[Activity]
From the first line to the last, copy the listing exactly and omit the pictures.

[Data extract]

◆ ◆ ◆ ◆ ◆

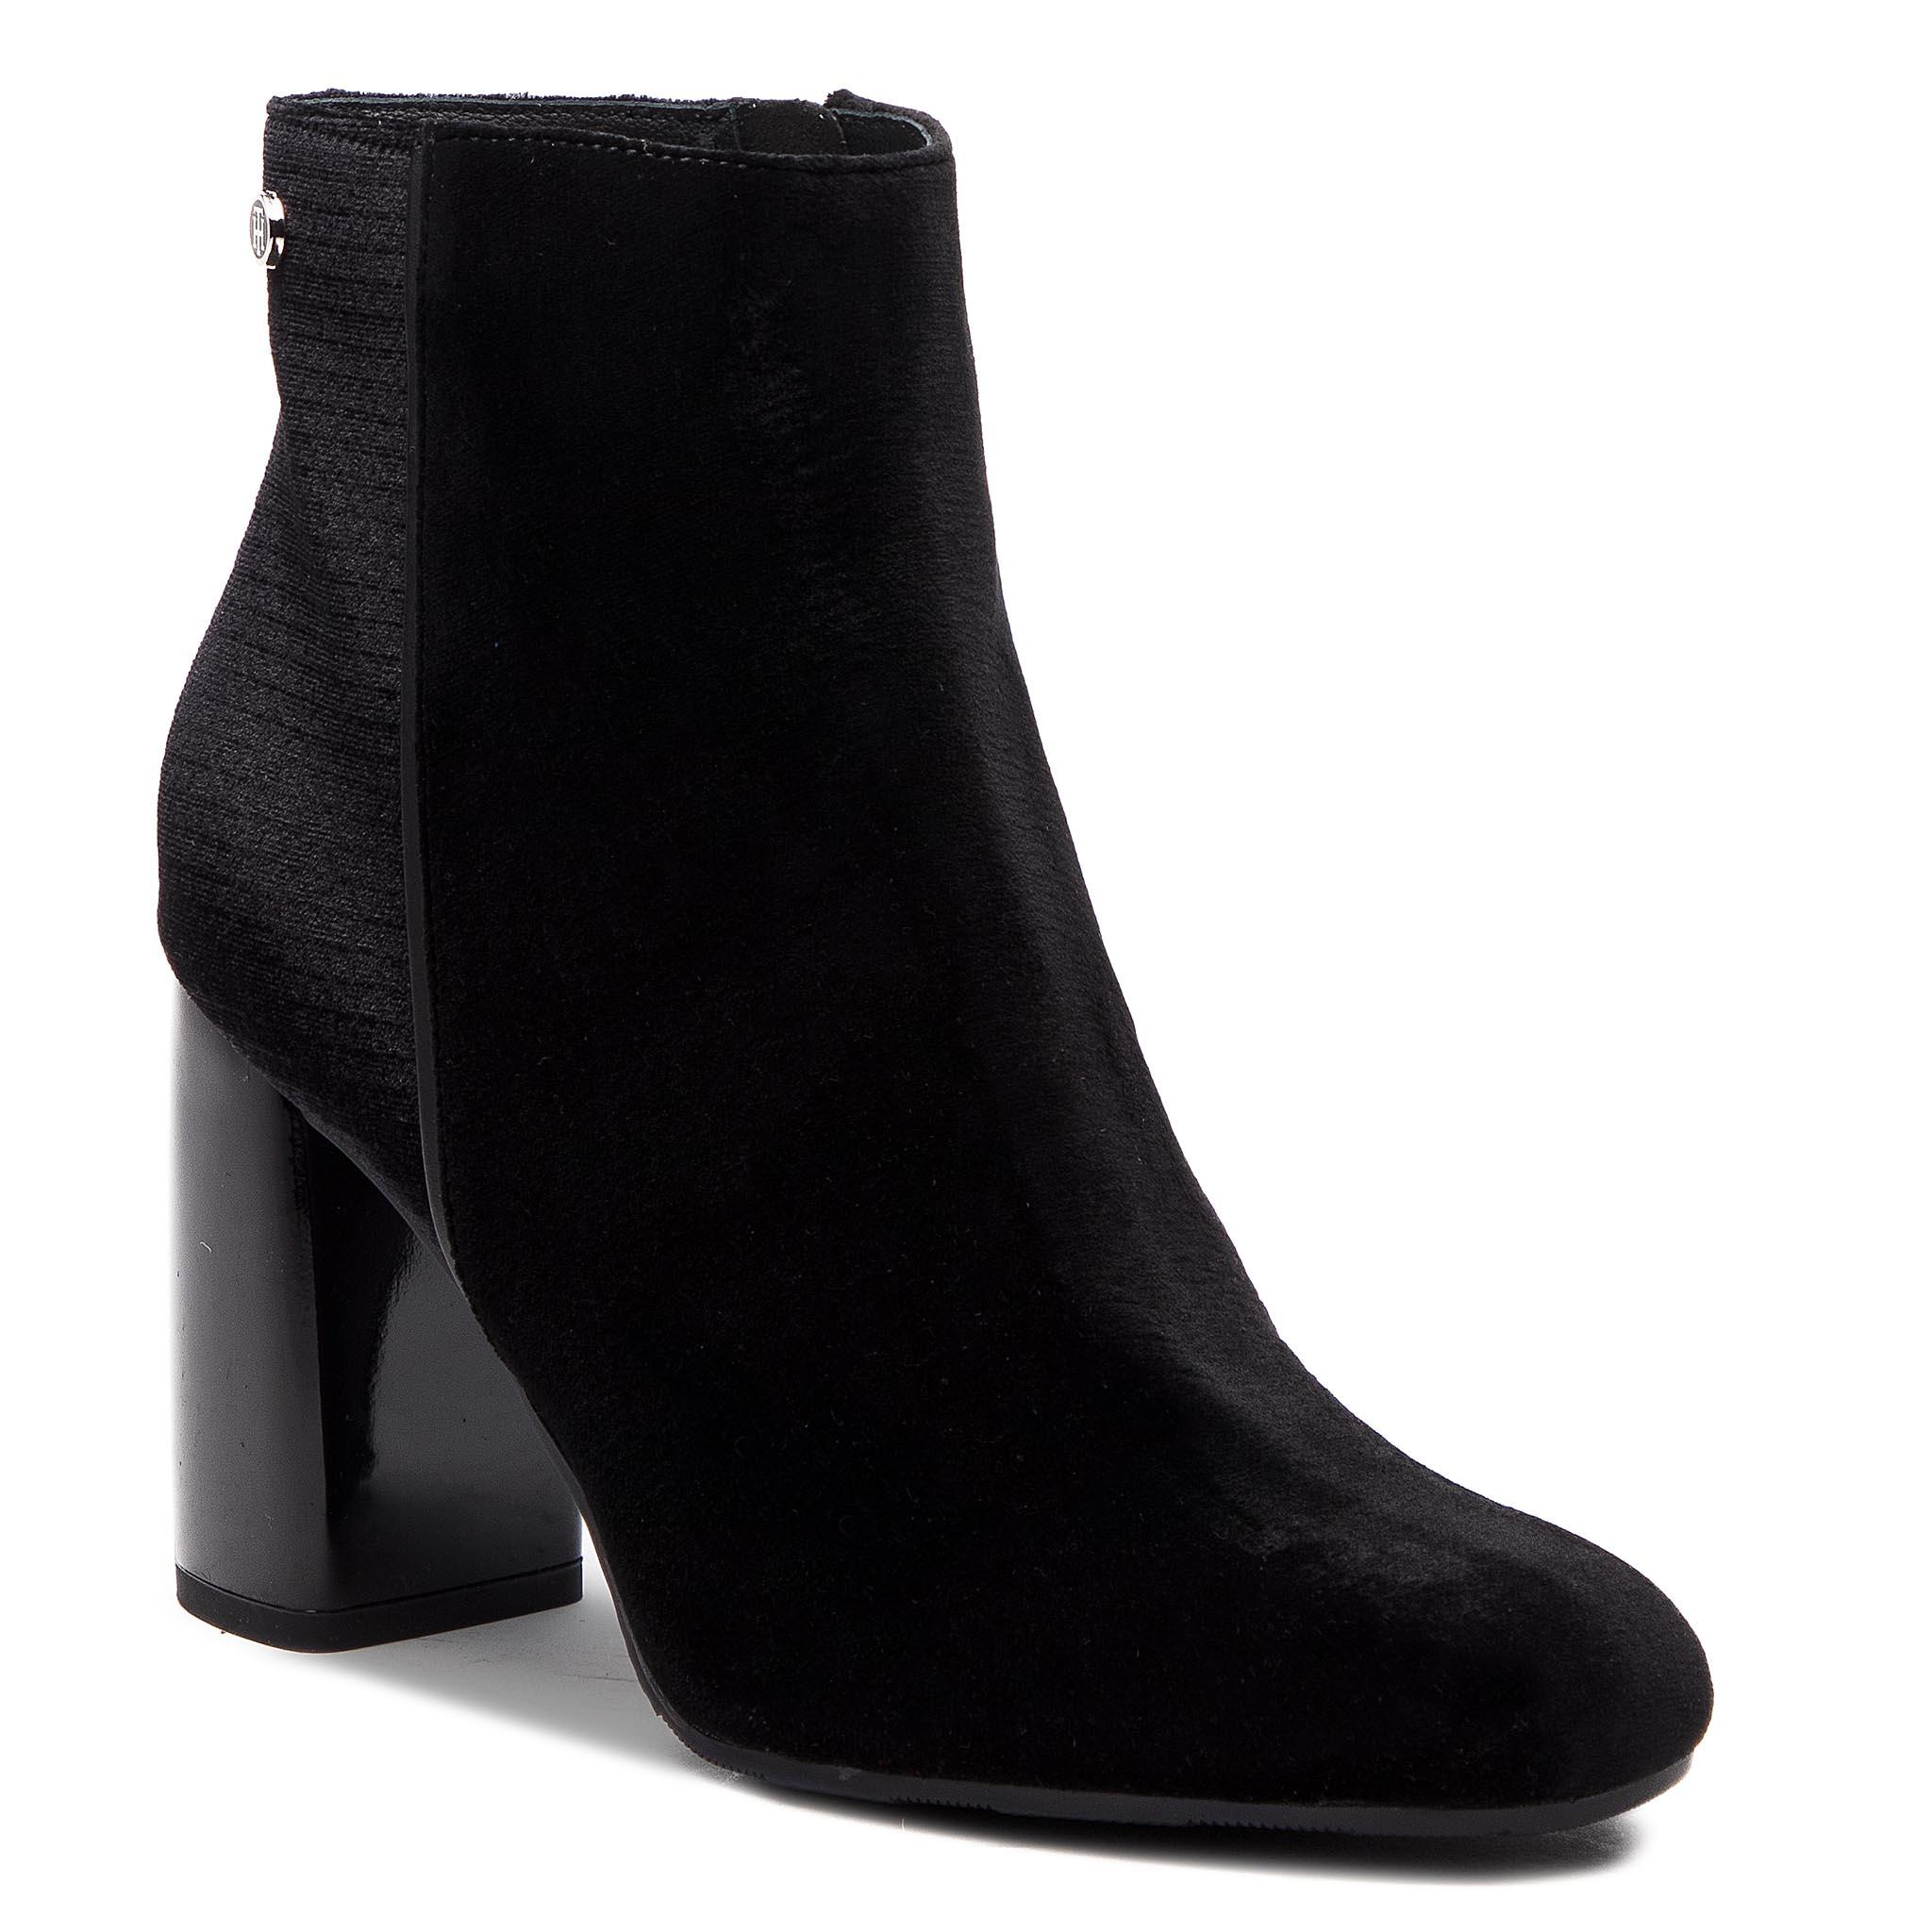 e61f28a8e1 Členková obuv TOMMY HILFIGER - Structured Velvet Bootie FW0FW03617 ...
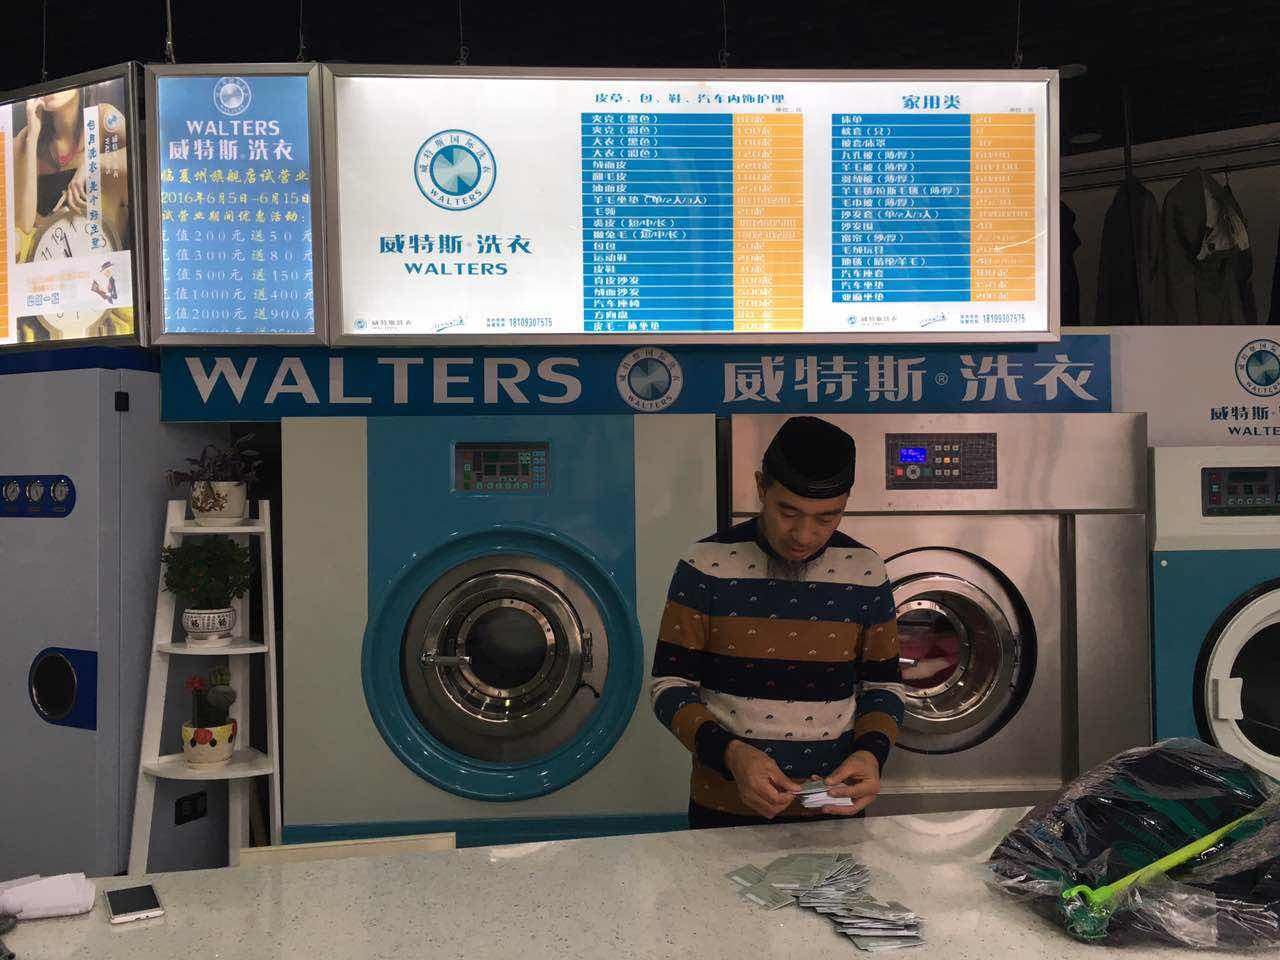 干洗店加盟哪家好 选威特斯不用担心没经验
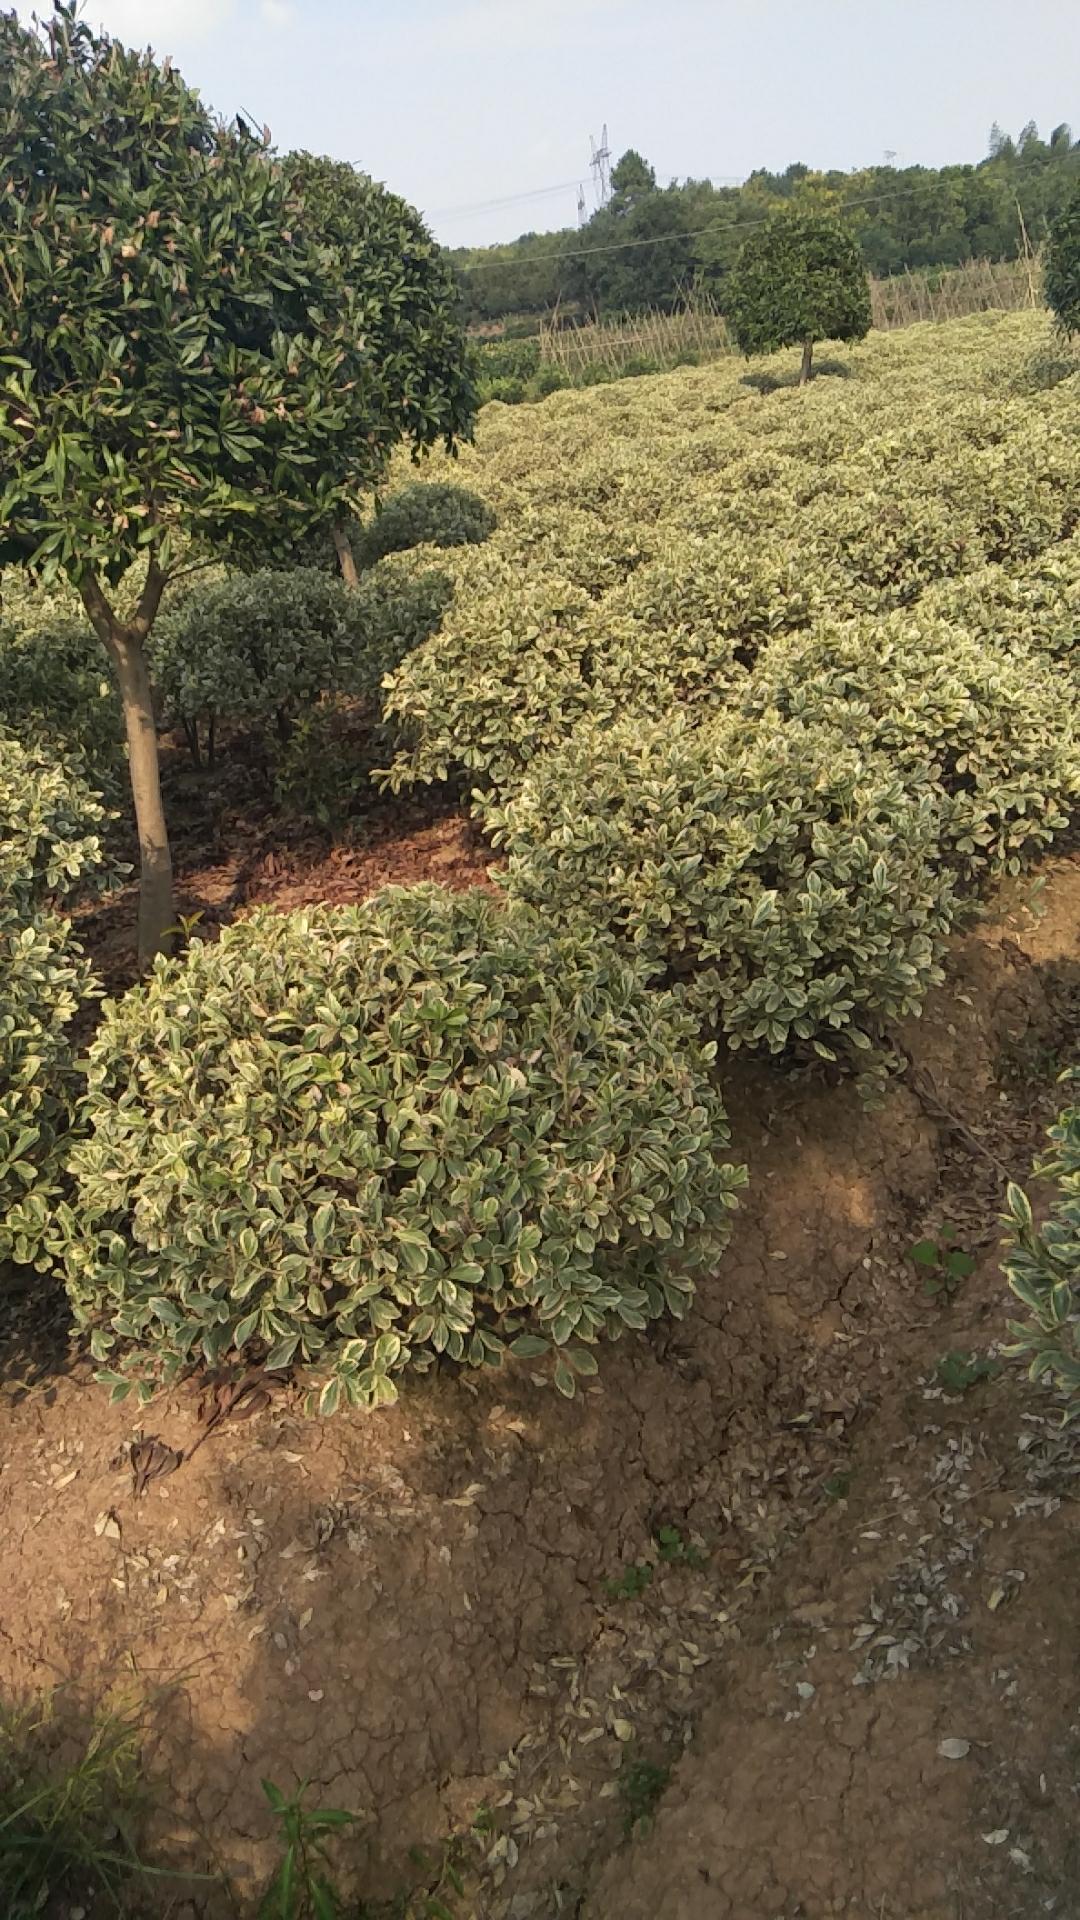 湖南大叶黄杨种植基地 大叶黄杨哪里的有卖 大叶黄杨球子批发 大叶黄杨

◆ ◆ ◆ ◆ ◆

[Exercise answer]
 e61f28a8e1 Členková obuv TOMMY HILFIGER - Structured Velvet Bootie FW0FW03617 ...
 干洗店加盟哪家好 选威特斯不用担心没经验
 湖南大叶黄杨种植基地 大叶黄杨哪里的有卖 大叶黄杨球子批发 大叶黄杨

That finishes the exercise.